Recent research has moved beyond detection in blood and placenta to the arteries themselves.

• A 2024 Italian study examined carotid endarterectomy* samples from 257 patients and found plastic particles in the plaques** of over half the patients. Polyethylene was most common (~58% of plaques), followed by PVC (~12%) (Marfella et al. 2024).
• During ~34 months of follow-up, patients whose plaques contained plastics had a 4.5-fold higher risk of major cardiovascular events (non-fatal MI, non-fatal stroke, or death) compared with those without plastic in plaque (Marfella et al. 2024).
• Microscopy revealed jagged-edged plastic fragments embedded among macrophages (immune cells) and other plaque material, often in the nanoplastic size range, suggesting high reactivity (Liu et al. 2024).

* carotid endarterectomy-surgery to unclog the carotid artery which brings blood to the brain.

**plaque-a waxy buildup of fats and immune cells lining the artery wall.

Mechanism hypotheses:

1. Plastics may worsen endothelial dysfunction, increasing oxidative stress and lipid oxidation (LDL → oxLDL), the spark for plaque initiation (Goldsworthy et al. 2025).
2. Macrophages attempt to phagocytose (“eat”) plastic debris, fail to digest, and trigger a chronic inflammatory loop, mirroring autoimmunity around modified lipoproteins.
3. Plastics may deliver chemical additives (plasticizers, contaminants) directly into plaques, amplifying local immune activation and tissue damage.

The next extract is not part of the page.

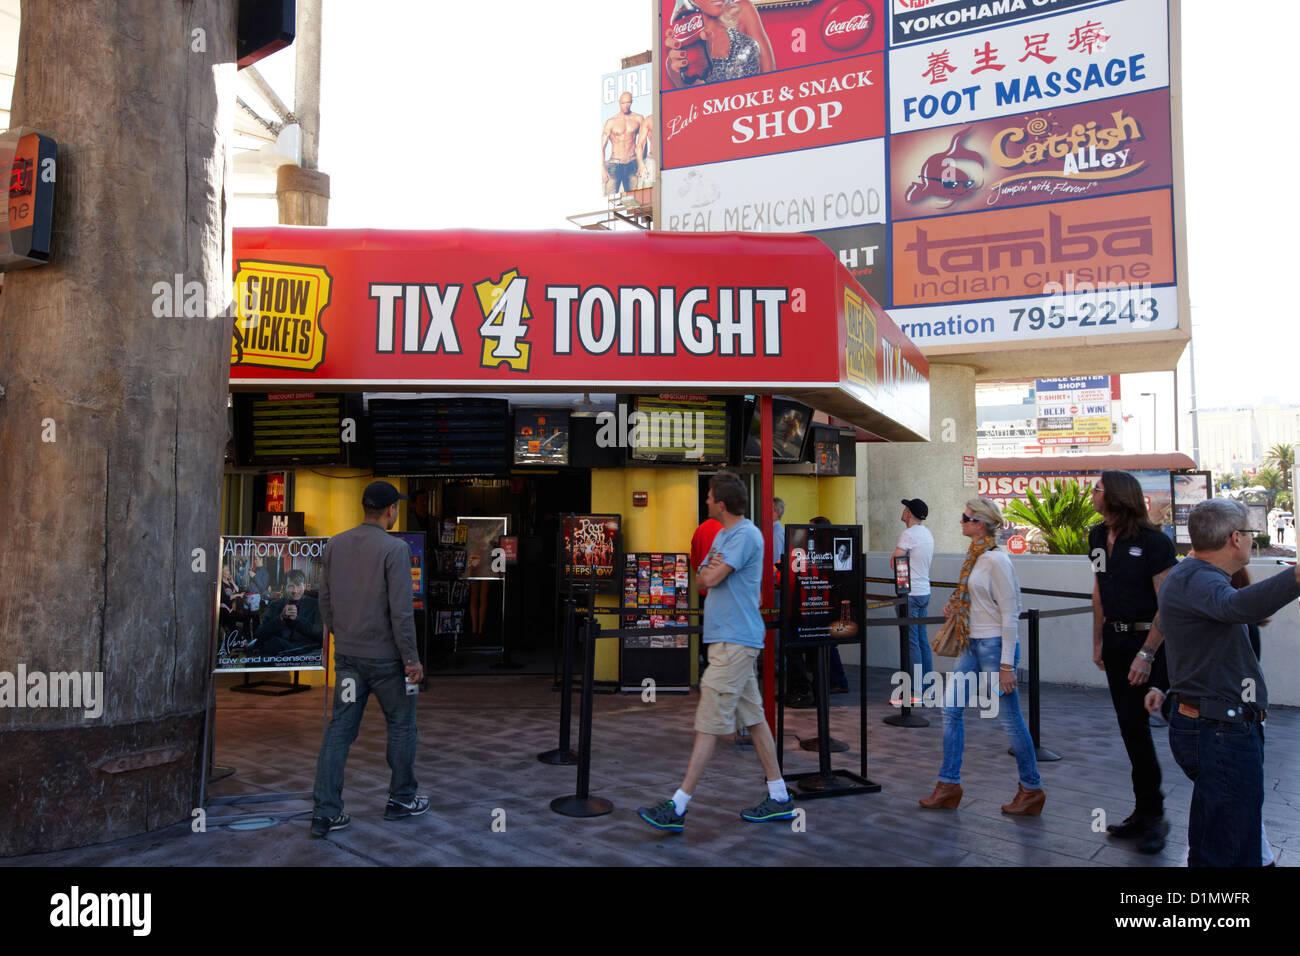 tix 4 tonight discount show tickets booth on Las Vegas boulevard Nevada USA - Stock Image

Limitations: current evidence is observational. Risks of contamination during sampling exist, and causation cannot yet be proven. But the findings align with a growing recognition that environmental particulates (plastics, air pollution, combustion particles) accelerate vascular injury (Prattichizzo et al. 2024).

Takeaway: Plastics may not only disrupt hormones or development. They could be a new class of vascular toxins — inflaming, destabilizing, and rupturing plaques, silently raising cardiovascular risk worldwide.

References

1. Yang Y, et al. Microplastics associated with coronary atherosclerosis pathology.Nat Med (2024). PMC.
2. Marfella R, et al. Plastic debris in carotid plaques linked to adverse cardiovascular events.NEJM (2024).
3. Liu S, et al. Microplastics detected in three types of human arteries.Environ Int (2024). PMC.
4. Goldsworthy A, et al. Micro-nanoplastic induced cardiovascular disease and dysfunction: a scoping review.Cardiovasc Res (2025). PMC.
5. Prattichizzo F, et al. Environmental particulates and atherosclerosis: an emerging link.Atherosclerosis (2024).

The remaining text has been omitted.